So basically, TBDR is a difficult engineering puzzle to get right. Apple is currently one of the few companies that has the required know-how, which they have inherited from Imagination. If they managed to solve the weak point of TBDR, which is the geometry front-end, they certainly can deliver very good performance with very low power consumption.

TLDR: TBDR is an inherently more efficient approach to rasterization and it offers strong guarantees that can be utilized for implementing advanced rendering techniques. It’s drawbacks are high engineering complexity and the need to pre-process the geometry. Desktop renderers don’t use TBDR because they can afford to be more wasteful and because INR is simpler to implement.
 

diamond.g

macrumors G4
Mar 20, 2007
11,438
2,664
OBX
That’s an excellent question! First of all, let me clarify what I mean by “algorithmic”. I am merely referring to the fact that TBDR and IMR use different approaches (algorithms) to rendering. These algorithms themselves are indeed partially encoded in fixed-function hardware (I suppose this is what you mean by microarchitecture). I prefer not to use this term since it can mean any kind of hardware difference (e.g. two IMR GPUs can also have different microarchitectures).
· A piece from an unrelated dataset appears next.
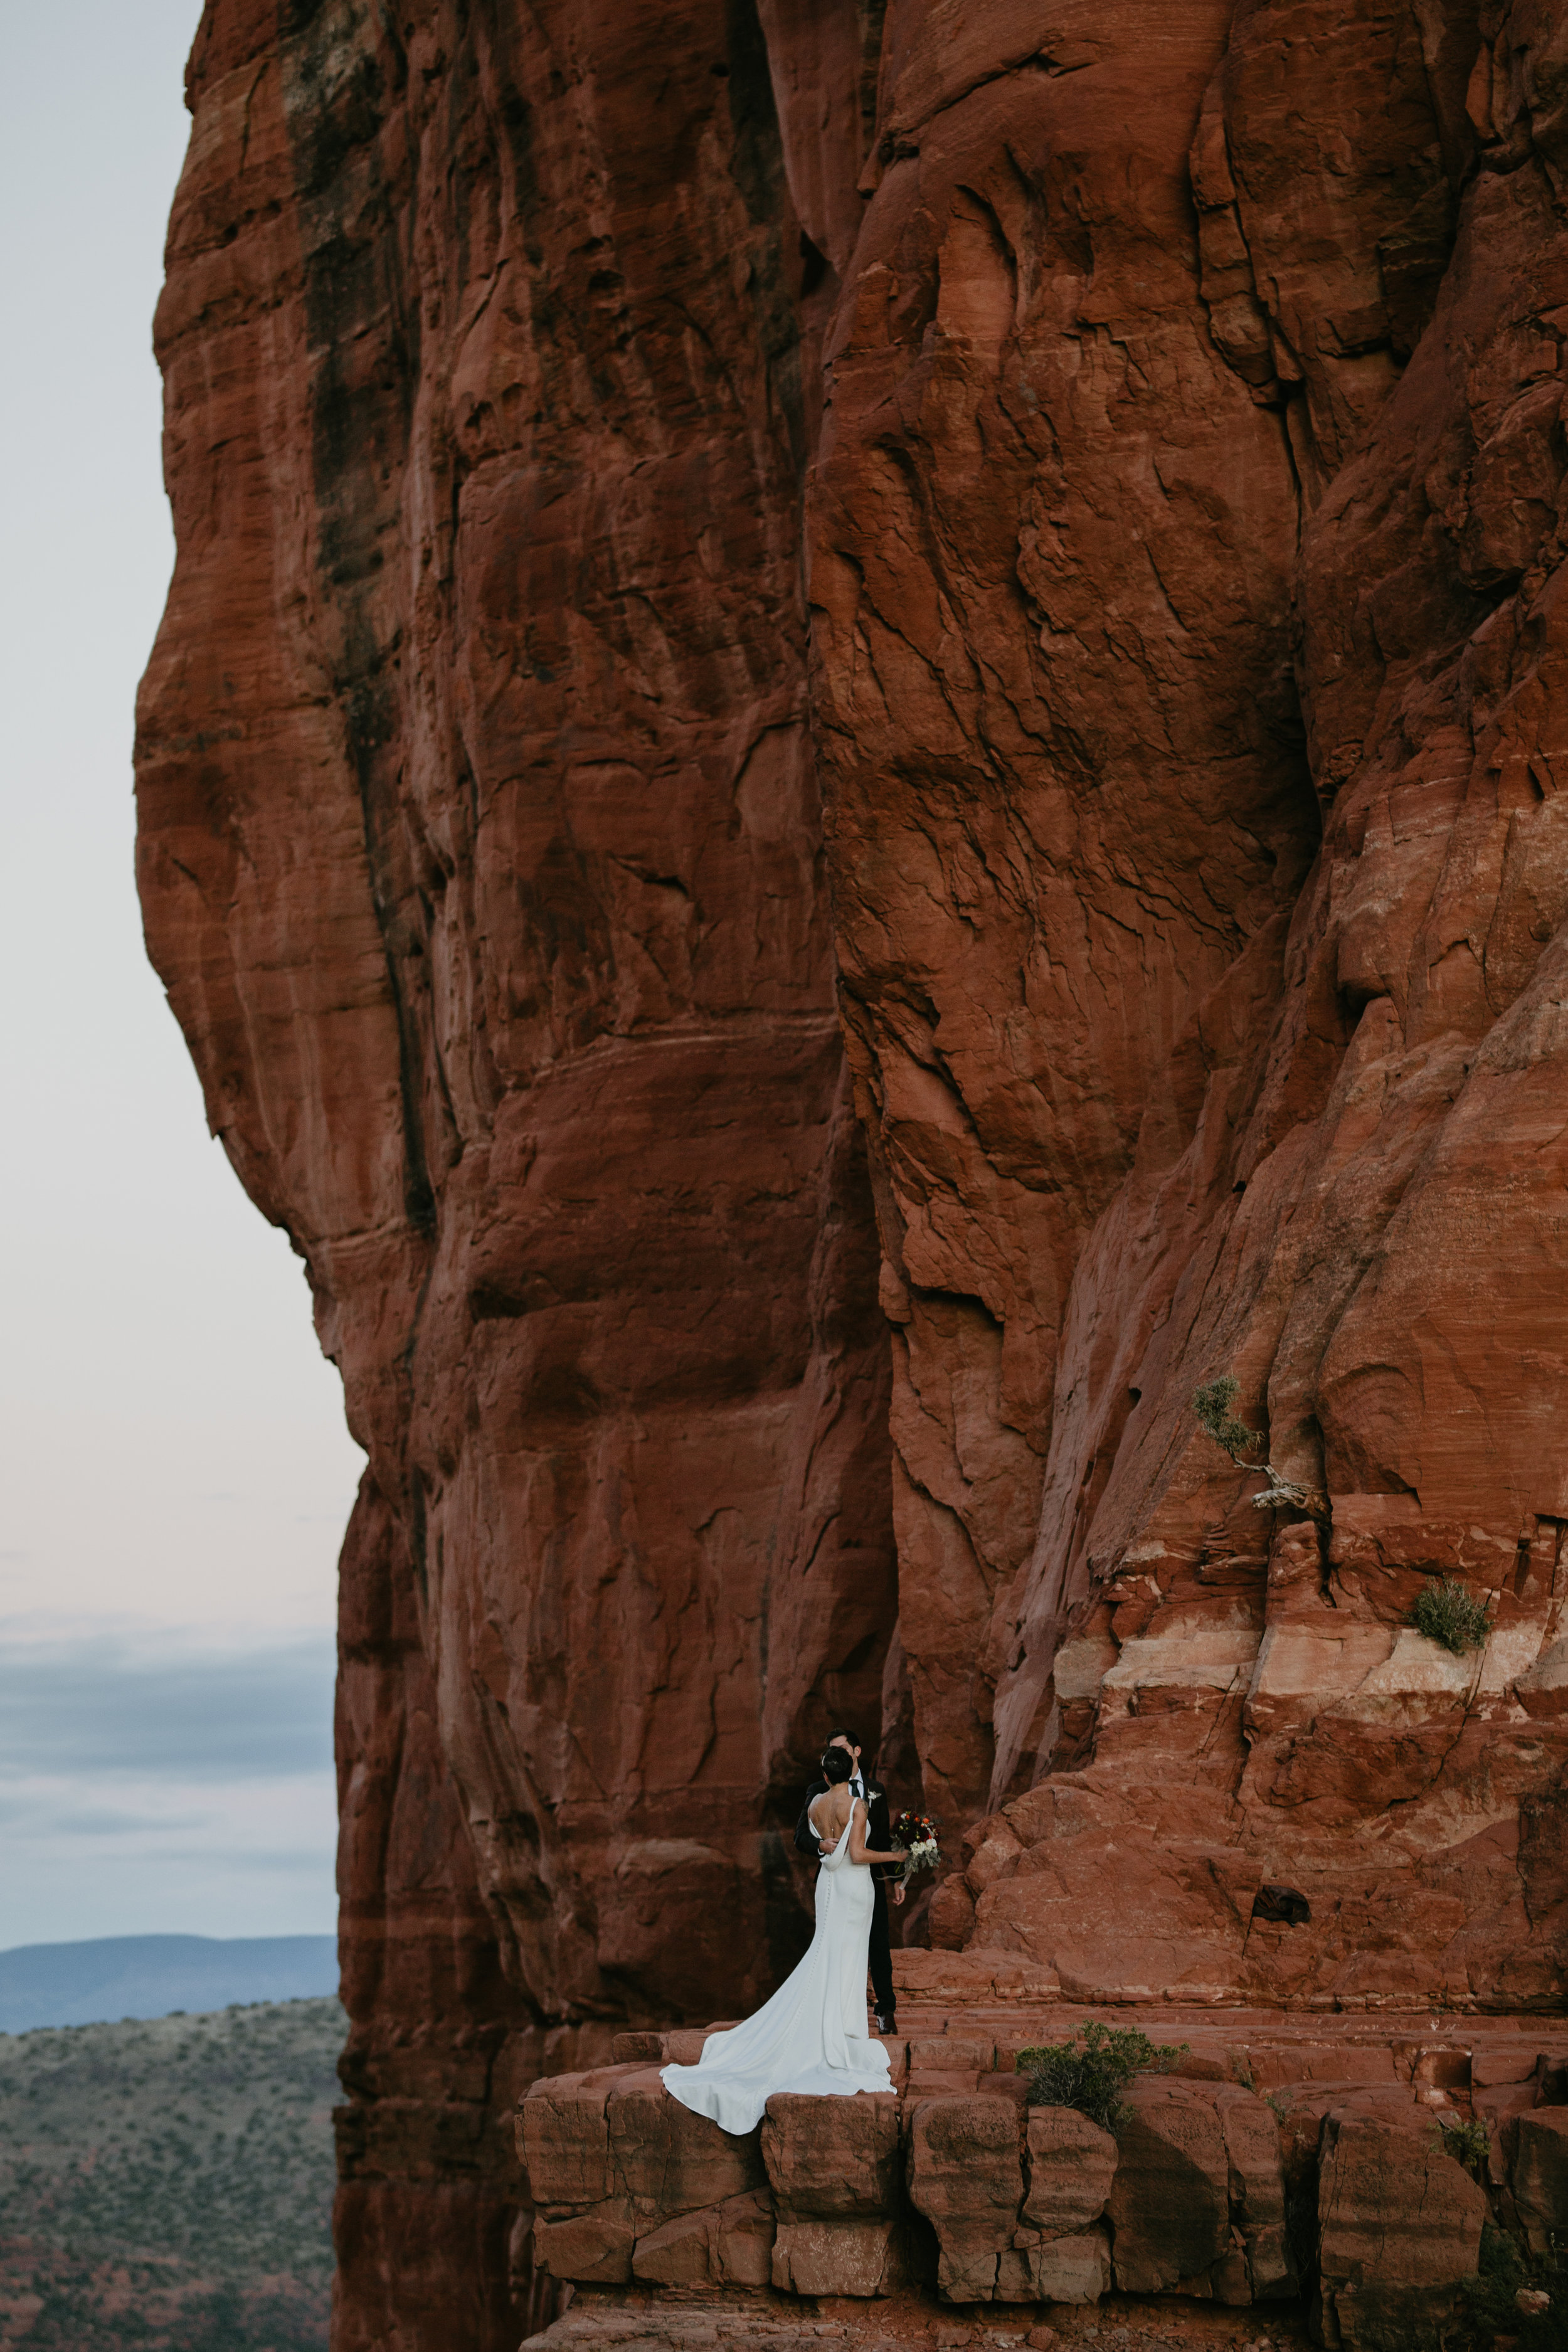 nicole-daacke-photography-sedona-arizona-adventurous-elopement-adventure-elope-photographer-cathedral-rock-sedona-vortex-intimate-wedding-hiking-elopement-photographer-11.jpg

Now, about TBDR’s “superiority”. TBDR has two decisive advantages. First, it does perfect hidden surface removal, meaning that you don’t waste any fragment shading work (and fragment shading is usually more expensive). Second, it offers strong guarantees of memory coherence - since images are generated in tiles, you only need to consider the region of memory for a given tile for fragment shader dispatch. This is important as it optimized external memory accesses, making the GPU less reliant on the memory bandwidth. The combination of these two properties allows for some interesting properties. For example, they guarantee that all shader invocations target a different pixel. This enables things like programmable blending (stuff that IMR cant’t do efficiently because of data races). Since the hardware knows which primitives are visible, it can do crazy stuff like data reordering to improve SIMD coherency (Apple mentioned it during WWDC). Also, since tiles are an actual physical resource, Apple exposes them to the developers. Which in turn means that you can use ultra-fast on-chip cache to store custom data, run custom processing steps, do custom multisampling - without ever needing to touch VRAM. Some traditionally heavy things like multi sampling or g-buffer deferred rendering are much cheaper on Apple hardware if it’s features are properly utilized.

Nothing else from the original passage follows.